SZ-Serie "Blick ins Klassenzimmer":"In Freundschaften entwickeln Kinder gemeinsame Normen und Werte"

SZ-Serie "Blick ins Klassenzimmer": Auch Freundschaften im Kindes- und Jugendalter bilden das Fundament für die spätere Beziehungsfähigkeit, erklärt der Jugendforscher.

Auch Freundschaften im Kindes- und Jugendalter bilden das Fundament für die spätere Beziehungsfähigkeit, erklärt der Jugendforscher.

(Foto: Stephan Rumpf)

Freundschaften stärken den Zusammenhalt und das Wir-Gefühl einer Klasse, erklärt Kien Tran. Er forscht über Peer-Beziehungen im Jugendalter. Die möglichen Schattenseiten: ein größeres Maß an sozialer Kontrolle und Verhaltenskonformität.

Interview von Heike Nieder

Kien Tran ist wissenschaftlicher Referent am Deutschen Jugendinstitut in München und forscht dort über Peer- und Freundschaftsbeziehungen im Jugendalter.

SZ: Welche Bedeutung haben Freundschaften in der Schule für Kinder und ihre Entwicklung?

Kien Tran: Der Alltag von Kindern und Jugendlichen spielt sich zu großen Teilen in der Schule ab. Daher sind Freundschaften dort besonders wichtig. In Freundschaften entwickeln Kinder und Jugendliche gemeinsame Normen und Werte und lernen, wie man sich in einer Gruppe verhält. Außerdem erfahren sie, wie man auf Augenhöhe mit Konflikten umgeht oder Kooperationen eingeht. Auch für die spätere Beziehungsfähigkeit bilden Freundschaften im Kindes- und Jugendalter eine wichtige Grundlage.

SZ-Serie "Blick ins Klassenzimmer": Kien Tran forscht am Deutschen Jugendinstitut in München über Peer- und Freundschaftsbeziehungen im Jugendalter.
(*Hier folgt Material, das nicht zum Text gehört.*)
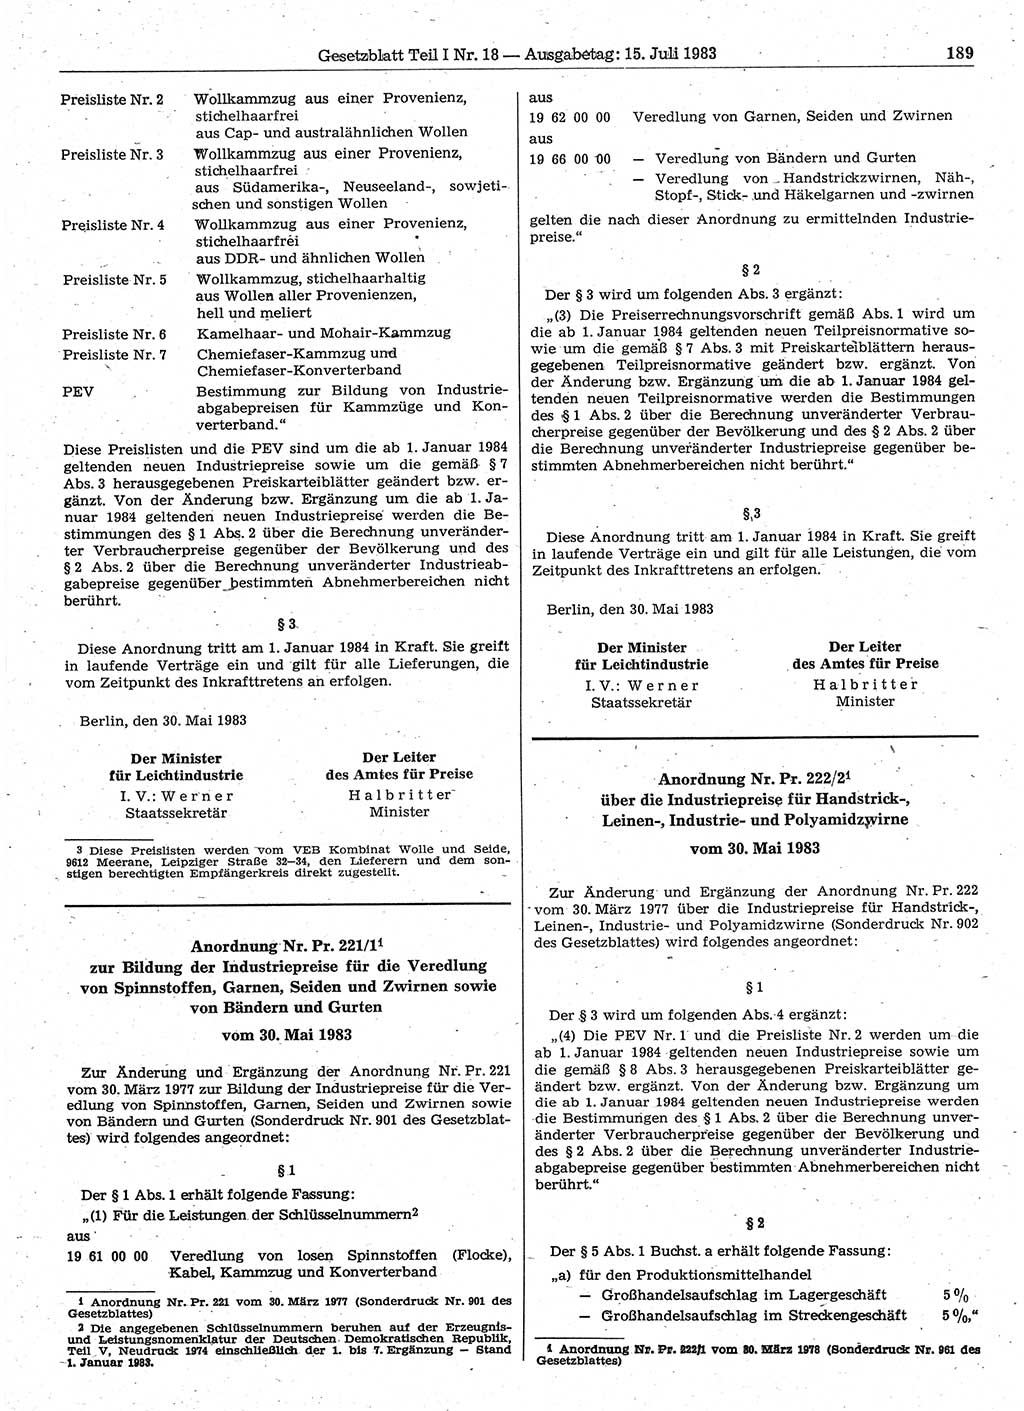 Gesetzblatt (GBl.) der Deutschen Demokratischen Republik (DDR) Teil Ⅰ 1983, Seite 189 (GBl. DDR Ⅰ 1983, S. 189)
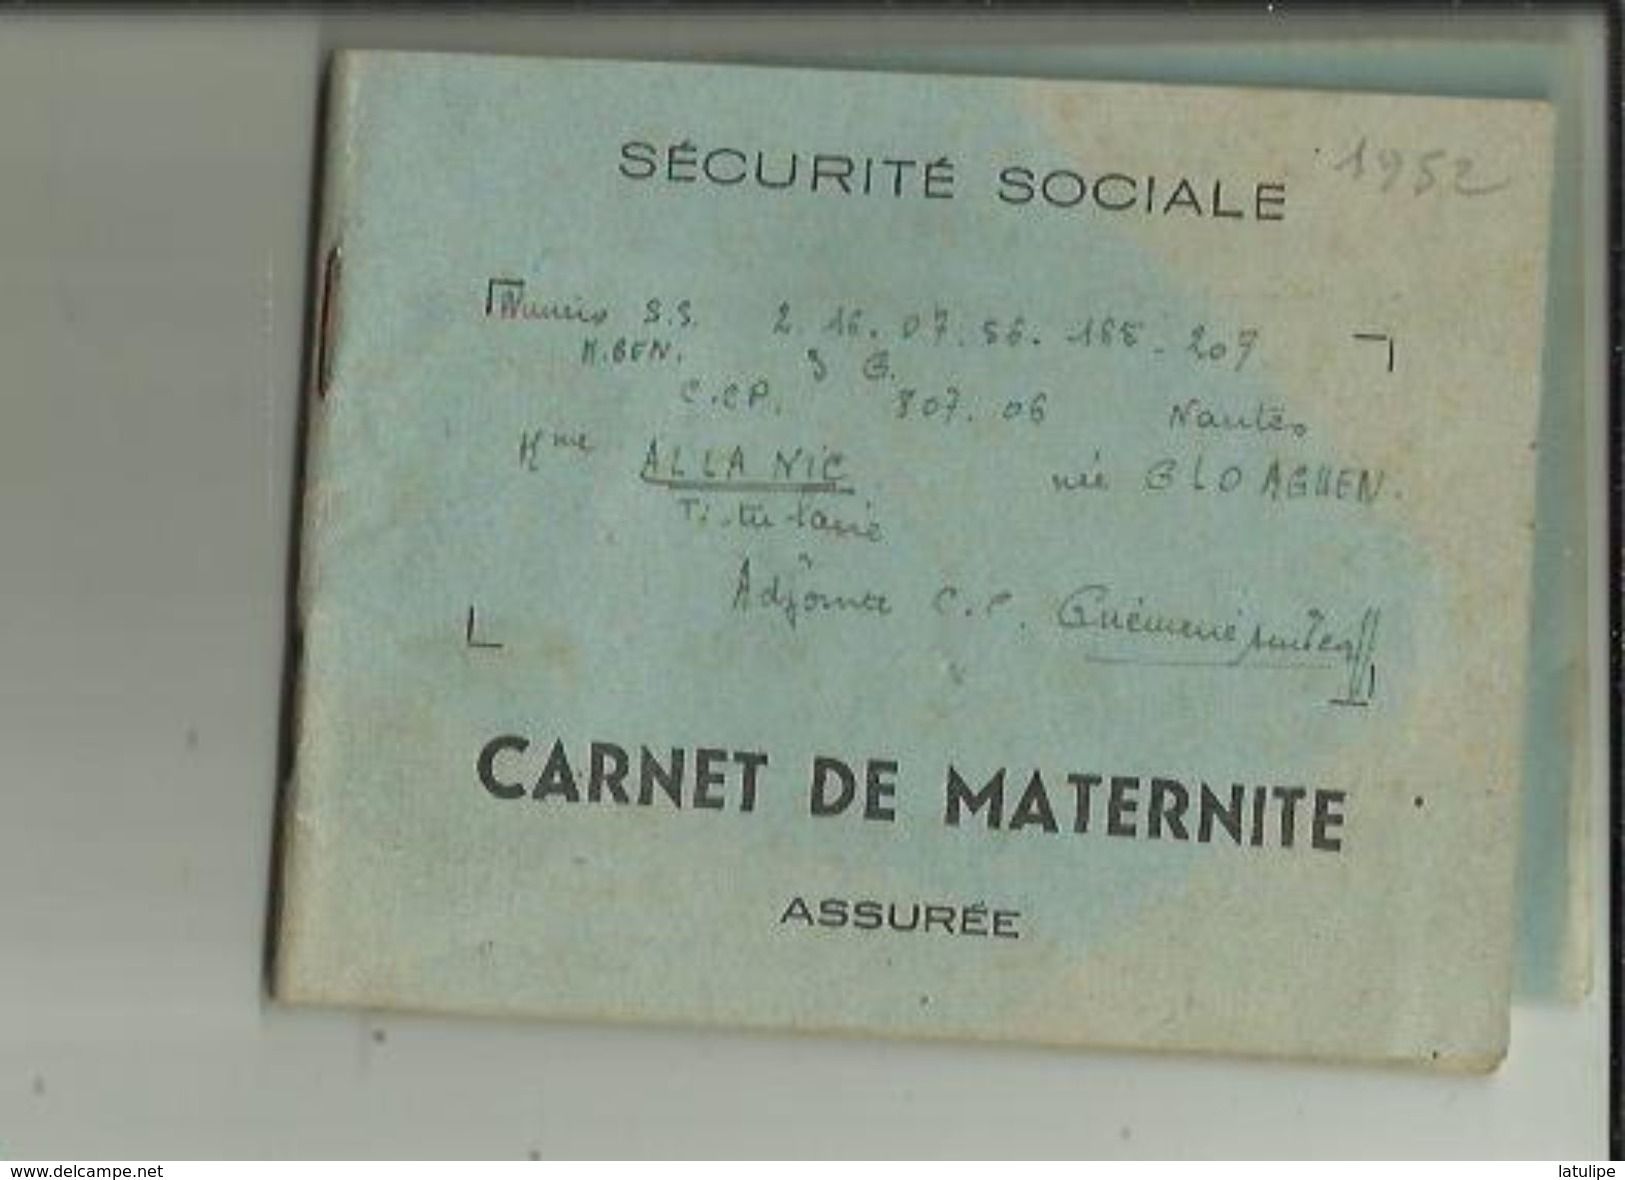 Carnet De Maternité De S S -(Assurée)  De Mme ALLANIC  Née GLOAGUEN _Institutrice Adjointe A GUEMENE Dur SCORFF En 1952 - Medical & Dental Equipment

Kien Tran forscht am Deutschen Jugendinstitut in München über Peer- und Freundschaftsbeziehungen im Jugendalter.

(Foto: privat)

Was macht es mit einer Klasse, wenn es dort viele Freundschaften gibt?

Freundschaften stärken den Zusammenhalt einer Klasse und ein Wir-Gefühl, das wichtig ist, um sich nach außen abzugrenzen. Man muss aber auch bedenken: Bei vielen Freundschaften in einer Klasse gibt es unter Umständen ein größeres Maß an sozialer Kontrolle und Verhaltenskonformität.

Sie meinen, eine Gruppe grenzt Kinder aus, die nicht dazugehören.

Genau. Da werden auch gern Hierarchien etabliert.

Sind Zweier-Freundschaften in einer Klasse dann also besser als mehrere Cliquen?

Das kann nicht pauschal gegeneinander abgewogen werden. Während in einer Zweier-Freundschaft das Bedürfnis nach Nähe oder Vertrautheit gestillt wird, stehen in Cliquen soziale Normen, Rollen und speziell ein Zugehörigkeitsgefühl im Vordergrund, was insbesondere die Identität stärkt.

Gibt es da Unterschiede zwischen Mädchen und Jungen?

Ja. Charakteristisch für Mädchen ist ein eher kleiner Freundeskreis, in dem auch über intime und persönliche Dinge gesprochen wird. Jungen hingegen sind eher in Gruppen eingebettet und fokussiert auf gemeinsame Aktivitäten, wobei Emotionen und Gefühle eine weniger wichtige Rolle spielen.

Lernen Kinder denn besser, wenn sie viele Freunde in der Klasse haben?

Es ist durchaus vorstellbar, dass Schüler, die sich im Klassenverbund sicherer fühlen, besser am Unterricht teilnehmen. Was aber auch wichtig ist: Personen knüpfen eher soziale Beziehungen mit Menschen, die ihnen ähnlich sind. Das kann man auch auf die Leistungen in der Schule beziehen. Wenn sich ein Schüler mit schlechteren Noten mit Kindern befreundet, die gut in der Schule sind, dann verbessern sich nach dieser Annahme die Leistungen des Schülers ebenfalls. Umgekehrt verhält es sich ähnlich. Grundsätzlich kann man aber davon ausgehen, dass Schüler, die gut in der Schule sind, Freundschaften pflegen zu Schülern, die auch gute Noten haben und umgekehrt genauso.